Transnistrie - Moldavie

Mince langue de terre située à l’est du Dniestr et à l’ouest de la frontière ukrainienne, la Transnistrie a connu à la fin des années 1980 un mouvement séparatiste refusant la dislocation de l’URSS. Ce mouvement a conduit à la proclamation unilatérale d’une indépendance en 1990, qui n’a jamais été reconnue internationalement et qui a entraîné une guerre civile de deux ans. Un cessez-le-feu a été signé le 21 juillet 1992 par les autorités moldaves et russes, qui comporte notamment la création d’une zone de sécurité démilitarisée et la constitution d’une force tripartite (russes, moldaves, transnistriens) de maintien de la paix de 1200 hommes, placée sous la supervision politique d’une Commission conjointe de contrôle. La Russie dispose également d’un contingent chargé de sécuriser le dépôt de munitions héritées de la période soviétique et entreposées à Cobasna.

Alors que l’Union européenne a déployé depuis décembre 2005 une mission d’observation de la frontière avec l’Ukraine (EUBAM), l’OSCE s’efforce de faciliter les négociations conduites dans le cadre du format « 5 + 2 » (les 2 parties : Moldavie et Transnistrie, 3 médiateurs : Ukraine, Russie et OSCE, ainsi que, depuis octobre 2005, 2 observateurs : Union européenne et Etats-Unis) et est aussi chargée de suivre le processus de retrait et de destruction des munitions du dépôt de Cobasna, interrompu toutefois depuis 2004.
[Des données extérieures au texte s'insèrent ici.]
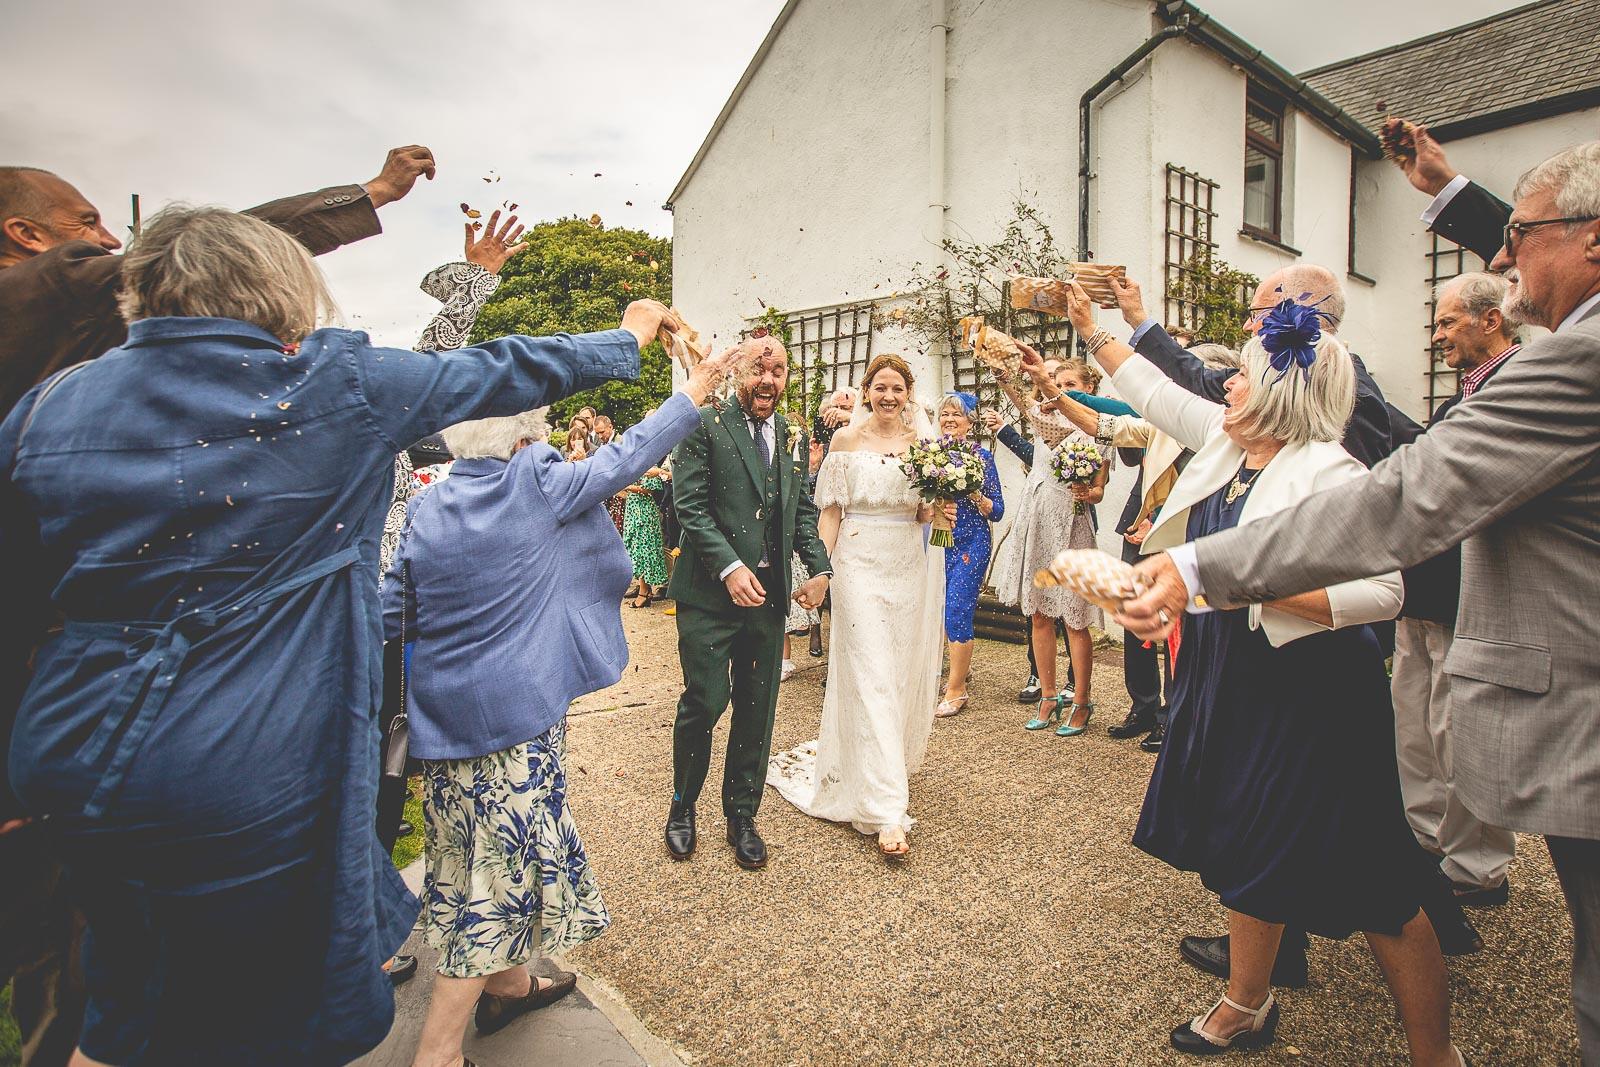 the old barn - clovelly - ugotthelove - wedding photography-6897.jpg

Les dernières négociations officielles en format « 5+2 » se sont tenues en octobre 2019 à Bratislava. Les réunions en format dit « 1+1 » des négociateurs en chef moldave et transnistrien et les réunions des groupes de travail techniques se poursuivent néanmoins, malgré la pandémie de Covid-19 et le lancement de la guerre d’agression russe contre l’Ukraine le 24 février 2022.

Lors du conseil ministériel de Stockholm (2 et 3 décembre 2021), une déclaration ministérielle sur les négociations relatives au processus de règlement transnistrien au format « 5+2 » a été adoptée. A cette occasion, les ministres des Affaires étrangères de l’OSCE ont rappelé leur ferme détermination de parvenir à un règlement global, pacifique et durable du conflit transnistrien, fondé sur la souveraineté et l’intégrité territoriale de la République de Moldavie à l’intérieur de ses frontières internationalement reconnues avec, pour la Transnistrie, un statut spécial garantissant pleinement les droits humains, politiques, économiques et sociaux de sa population. Ils ont également souligné l’importance de la Conférence permanente sur les questions politiques dans le cadre du processus de négociation en vue du règlement du conflit transnistrien en format « 5+2 », seul mécanisme permettant de parvenir à un règlement global et durable. Aucune déclaration ministérielle sur les négociations relatives au processus de règlement transnistrien au format « 5+2 » n’a pu être adoptée lors du conseil ministériel de Łódź (1-2 décembre 2022), dans le contexte de la guerre d’agression de la Russie contre l’Ukraine.

La Mission de l’OSCE en Moldavie, établie en 1993, continue, en marge des réunions 5+2, à apporter son aide pour rapprocher les deux rives du Dniestr.